Update (M3) for quick viewing, will be integrated into the rest afterwards - PDF

Current Visualization

The current visualization (pictures in the presentation) implements the Squarified-FoamTree-Layout in which the clusters size represents its amount of subclusters. The clusters to the top left are the biggest and get progressively smaller towards the bottom right. Small clusters indicate that only very few clusters were similar and therefore are outliers.

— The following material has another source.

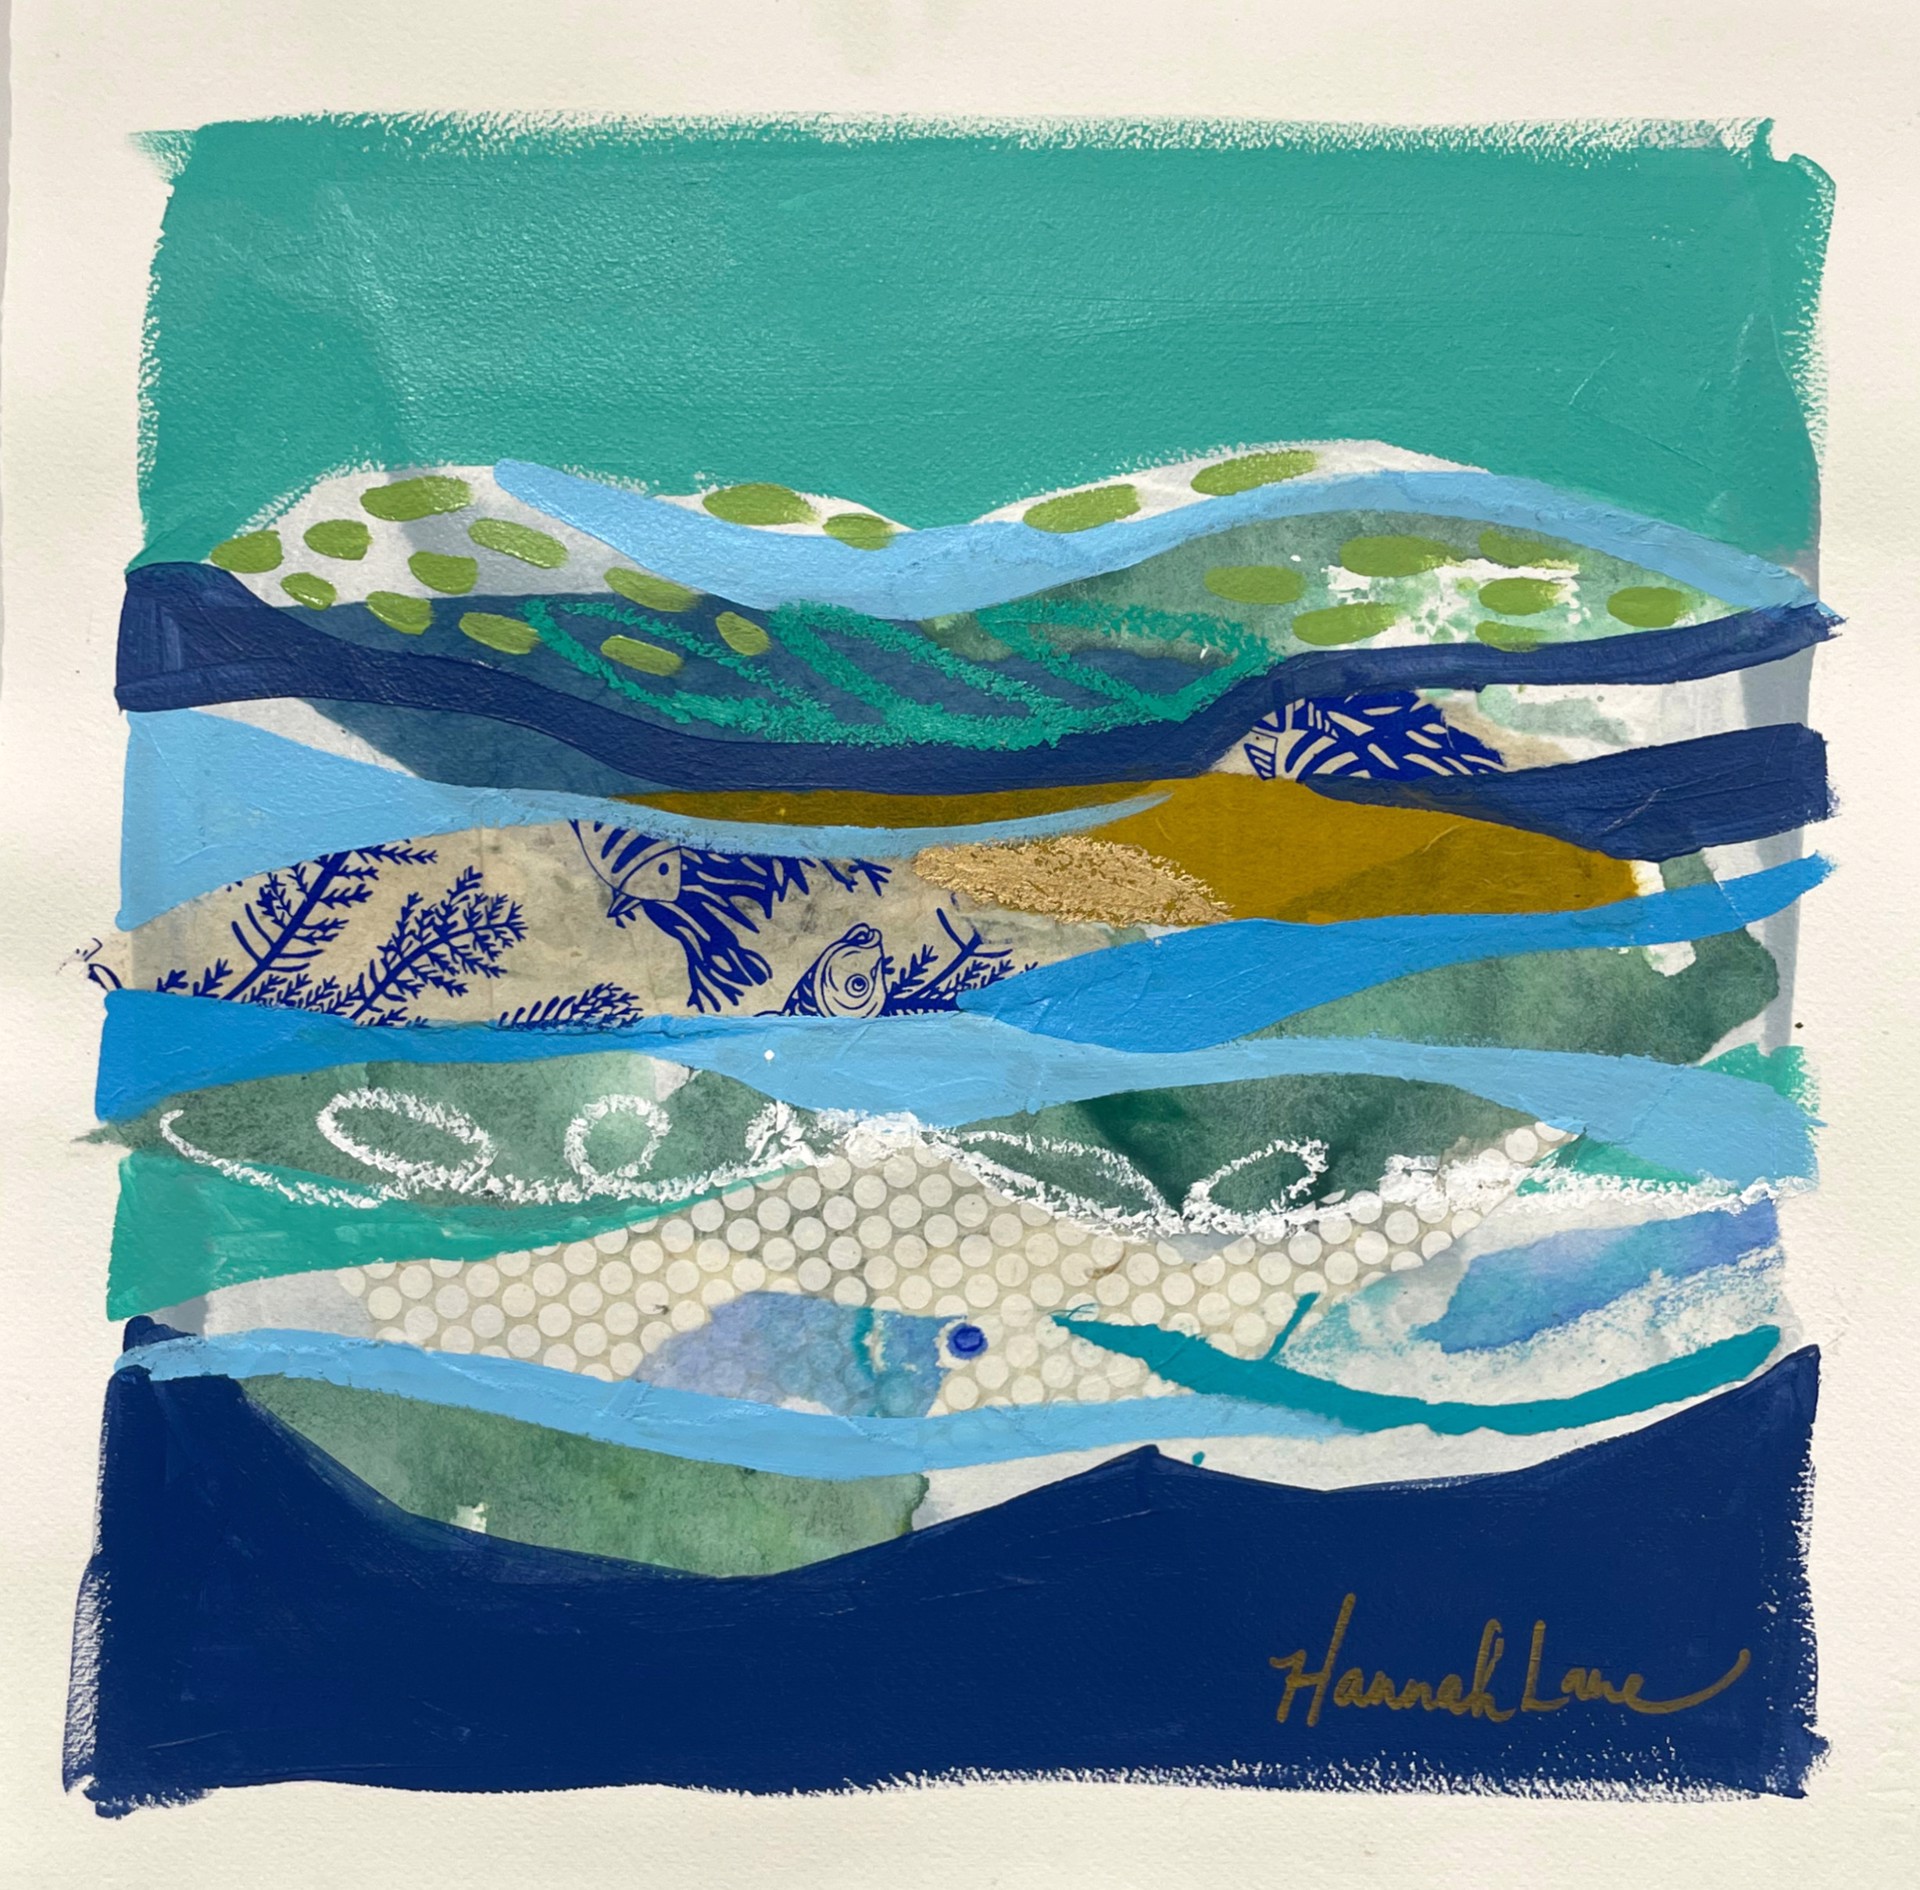 Waves of Sea Salt by Hannah Lane

The users are able to pan and zoom the viewport my using the mouse and mousewheel respectively. Double-clicking, clicking the plus-button or zooming in on a cluster triggers a inspection of that cluster. A swift transition occurs in which the cluster gets bigger until its bigger than the screen and becomes transparent in the process, revealing its child clusters.

The child clusters are layed out in the same way the parent clusters were and also the same control scheme applies. It is also possible to inspect a specific child cluster, which makes this process recursive. If the user zooms out far enough until a certain threshold is hit and the cluster only occupies a certain percentage of the screen, the parent clusters will be shown again and the same transition as before occurs, just in reverse. To go back one layer the user can also click the minus-button.

Prototype

Not included in the new visualization design were the parameter pane and comparison pane, because both did not change at all. The parameter pane allows the user to enter a range of parameters, displays the distribution of the data and allows for filtering by adjusting the sliders.

Implemented at the moment are the representation and controls for the result window, but not the Squarified-FoamTree-Layout. Also the parameter pane is completely functional only the comparison screen and visual comparison have to be added.

Changes

I overhauled the result window and decided not to use one of my initial designs. The parameter and comparison panes stayed the same.

Progress

As described in the "prototype" section the big parts missing are the comparison screen and some additional features to better help the user navigate the tree and provide more context.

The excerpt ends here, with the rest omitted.